Fiction Reviews


The City Among the Stars

(1962 / 2020) Francis Carsac, Flame Tree Press, £9.99 / US$14.99, pbk, 240pp, ISBN 978-1-787-58423-5

 

This is the first translation into English of Pour Patrie, L’Espace, originally published in 1962. It is the third book in the 'Ligue des Terres' sequence; it appears that these are books which share the same general setting rather than being a series. The novel was translated by Judith Sullivan and Margaret Schiff. I tell you this because the book fails to mention them. Francis Carsac is the pseudonym of scientist, geologist, and archaeologist Francoise Bordes. The book was written in what many regard as the Golden Age of Science Fiction.

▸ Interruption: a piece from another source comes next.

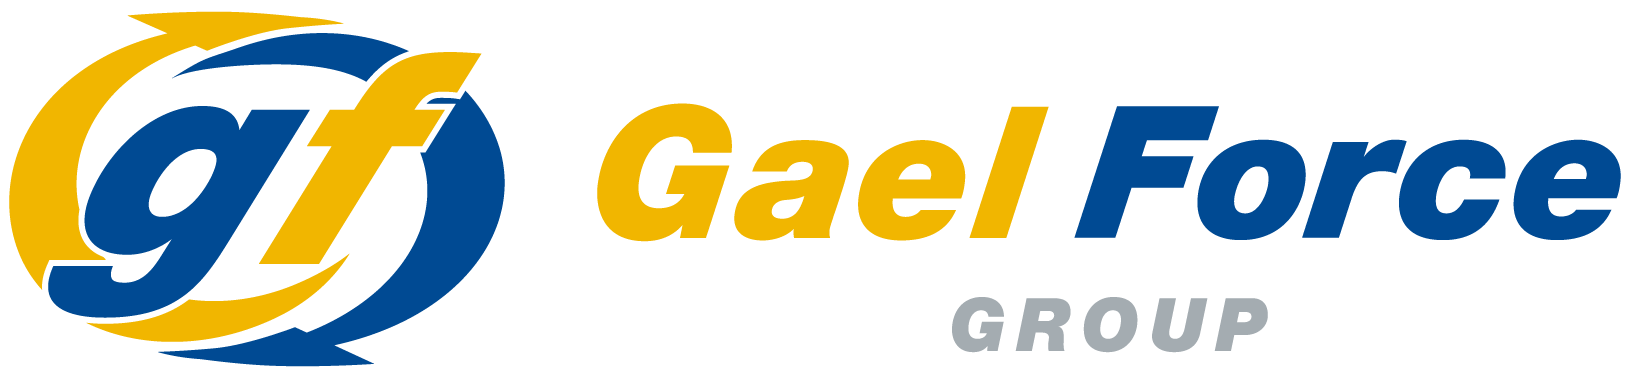 The GaelForce logo for wide devices

Tankar Holroy is a Lieutenant in the Stellar Guard of Emperor Ktius. He did not have much choice; he was taken from his parents at the age of three and since then has been brought up and trained by the Guard. He is a high-grade soldier, well skilled in the arts of fighting and killing, of planning and winning battles. His background has ensured he has little thought for the rights and wrongs of the Empire, though he is aware that the current run of Emperors have not lived up to their forbears and he is contemptuous of the current one. There is rebellion afoot; it is doing well and the continuation of the Emperor is threatened. Holroy is dispatched on a mission to summon reinforcements, unaware that his spaceship has been sabotaged. It is only by luck that he was not killed but he has been left floating in space with only a few hours of air in his space suit.

Incredibly, his SOS had been received and he wakes up on board the Tilsin, a five kilometre-long spaceship/city. The Teknor explains that he is welcome to remain on the ship or he can be dropped off if they pass a suitable planet. Holroy discovers that the Tilsin is one of many such city-ships, which were built hundreds of years ago when the then current emperor threatened the freedom of technicians, artists, writers, monks, and other free thinkers, and they responded by a mass escape. Since then the city-ships have had nothing to do with Earth.

Holroy soon finds that, whilst he is allowed to remain on the Tilsin, the city-ship folks hold planetaries, as they call people who live on planets rather in space, in low regard and he is regarded by some as no more than a pariah, especially as he comes from the hated Empire. He also comes to find the real reason why he was rescued; the Teknor is hoping that he will reveal to them the tracker technology which helps the Emperor’s forces track other vessels in hyperspace. The city-ships are threatened by an alien race, the Mpfifis, who are bent on their destruction, and tracker technology will enable them to evade attacks. Deeply upset by the scorn with which the citizenry hold him, Holroy rapidly develops an attitude of non-co-operation and denies the existence of such technology. He does, in fact, not only know of trackers but also how to build them. Sadly the poor relations between Holroy and the citizens will have dire consequences for so many. Eventually he may become a wiser man, but his training in the Guards did not set him up for such broadminded understanding.

This has just set the scene, the story is about Holroy’s time on board the Tilsin and what he learns of that world and its people and, more importantly in the end, how he eventually matures and reaches deeper understanding.

So how did such an ‘old’ book stand up against more modern science fiction? Pretty well I thought. I found that the story ticked along nicely, with a number of plot lines that illustrated life on city-ships as well as explaining the back history of both them and the Empire. Whereas many, more modern, books feature lots of page-filling detail without moving the story on, this nicely combined details with story without either getting in the way of the other. Whilst the story avoided the excessive navel-gazing of some more modern novels, Holroy still got to do a lot of soul searching. The style was a little more factual than some of today’s chatty delivery so some might find it a touch flat, though it was far from a problem and I found it perfectly readable.

Predicting future technology is always difficult and, whilst the ships used hyperdrives and utilised anti-gravity shafts rather than lifts (elevators), music was still on magnetic media and moving pictures were on film. The author had not predicted the huge advance of chip technology and memories, small solid state devices, flat screens, etc... But then, how much of today’s predictive fiction will get it all right?

Carsac is popular in eastern Europe and has been translated into Russian, Bulgarian, Hungarian, Lithuanian, Latvian, and Estonian, and I am glad he has now been translated into English. All told, I thought it a good read.